Abstract

Regional lymph node metastases (LNM) have prognostic significance in differentiated thyroid cancer (DTC). However, there was no distinction between N1a and N1b in the final staging classification in the eighth edition of the tumor-node-metastasis (TNM) staging system. This study aimed to evaluate the prognostic implication of N1b classification for predicting disease-specific survival (DSS) in DTC patients with stage I/II disease. A total of 3089 patients with stage I/II DTC who underwent thyroid surgery between 1996 and 2005 were included. DSS was evaluated according to N classification and number of LNM. A modification of the TNM was assessed that classified N1b cases in patients aged ≥55 years as stage IIB and the remaining cases as stage IIA. The mean patient age was 45.6 years, and the median follow-up period was 10.0 years. In patients aged ≥55 years, patients with N1b had significantly poorer DSS compared to those with N0 (hazard ratio [HR] = 11.0; p < 0.001) and N1a (HR = 4.2; p = 0.013).
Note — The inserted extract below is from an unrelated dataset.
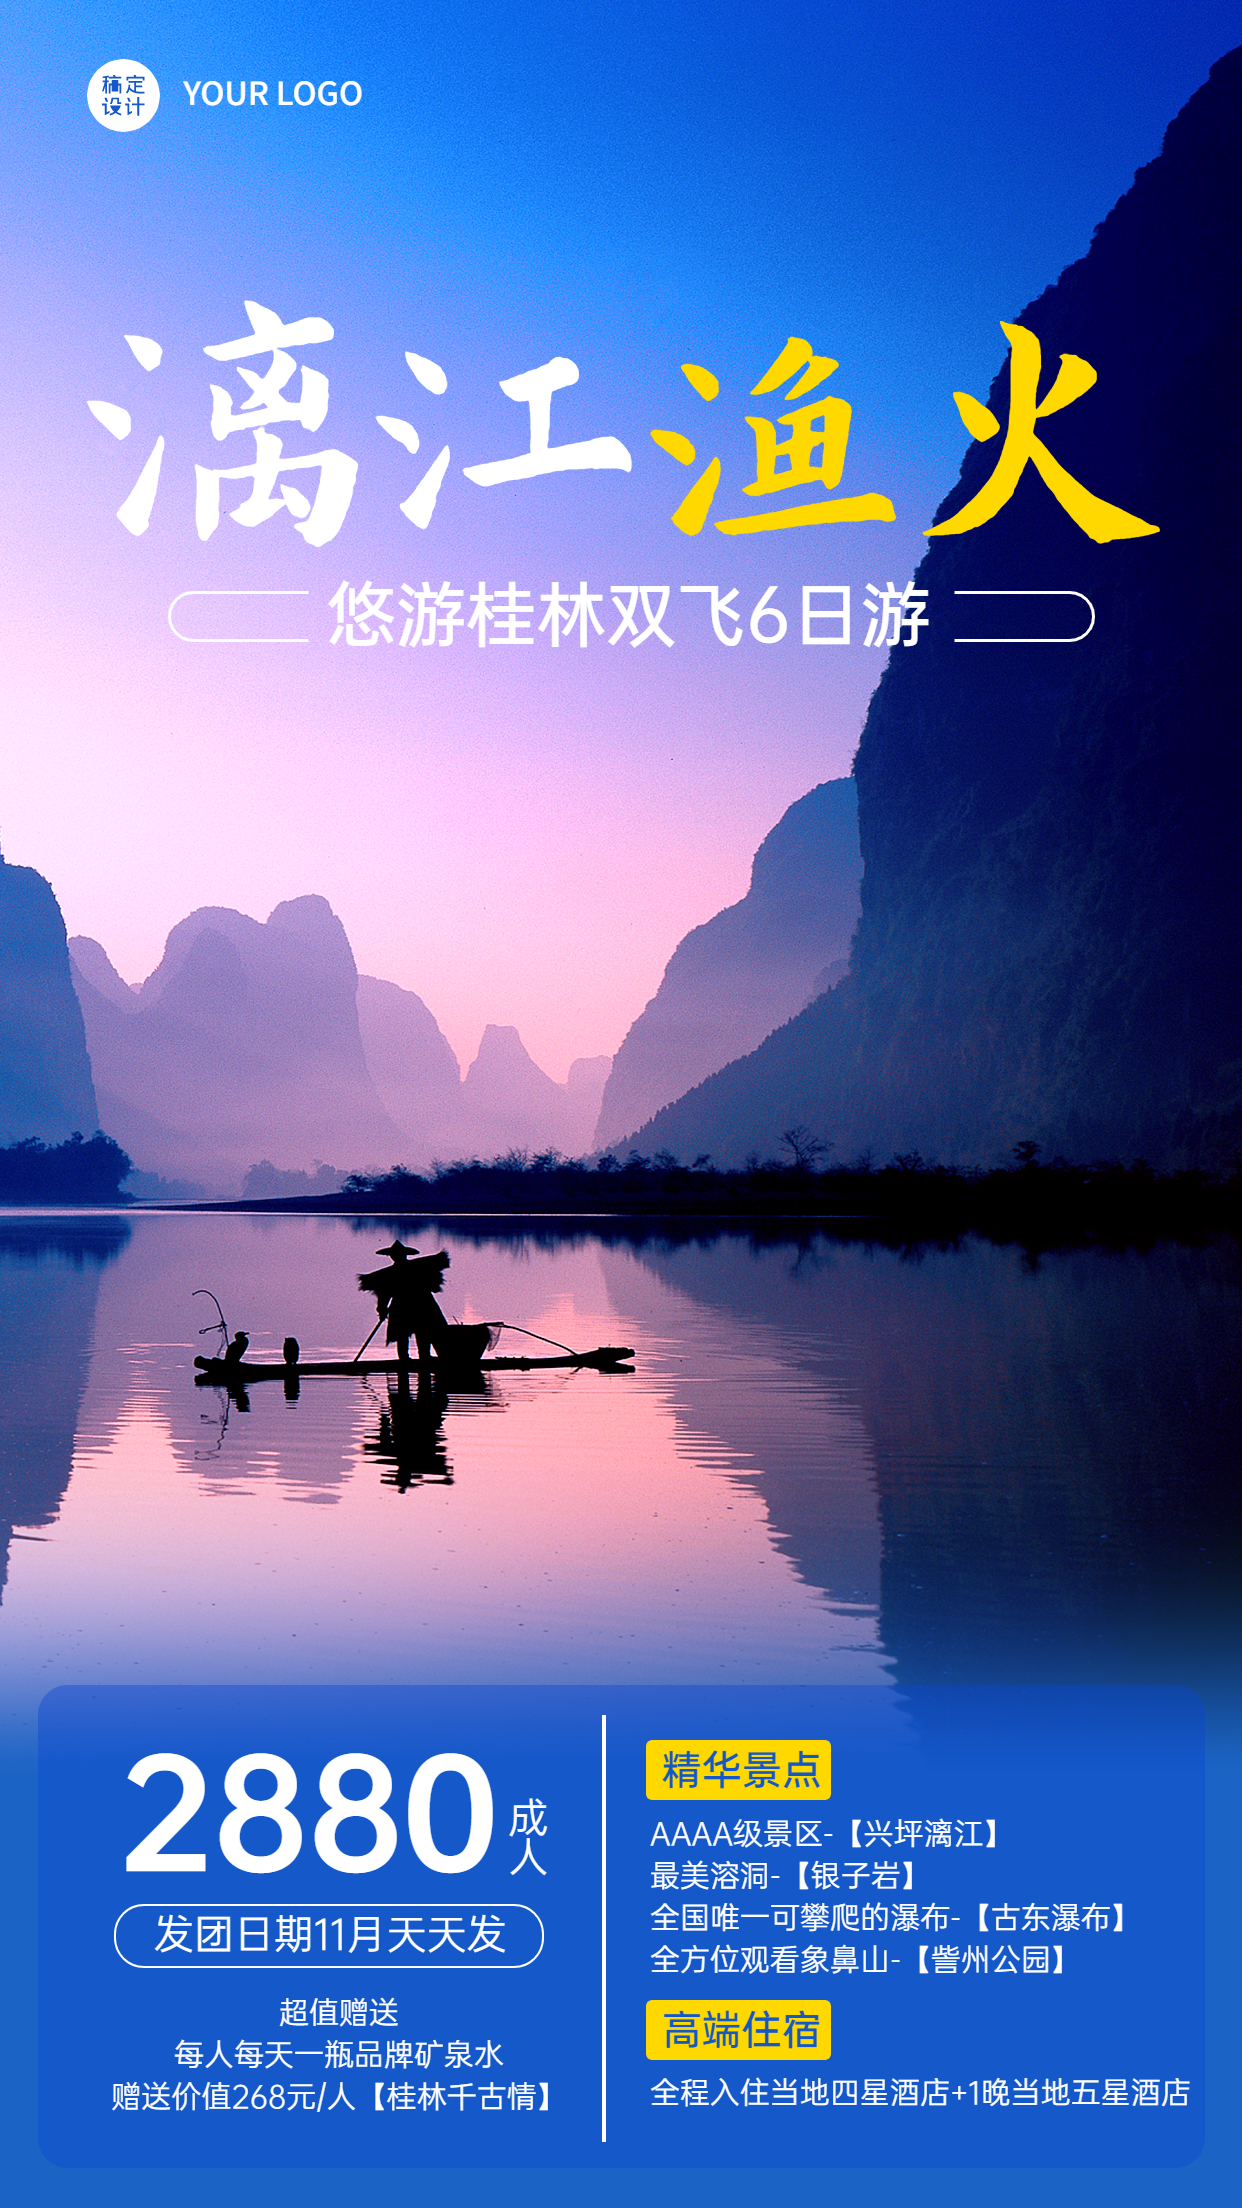 桂林山水山野名胜景点旅游手机海报预览效果

The large-volume LNM group had significantly poorer DSS compared to the N0 (HR = 10.1; p < 0.001) and small-volume LNM (HR = 3.9; p = 0.019) groups. When patients were reclassified using the modified TNM staging system, DSS was significantly poorer in stage IIB patients than in stage IIA patients (HR = 2.9; p = 0.030). N1b classification has a significant prognostic implication in patients with stage I/II DTC, especially in older patients. Modified TNM staging employing N1b classification could be more useful for the prediction of DSS.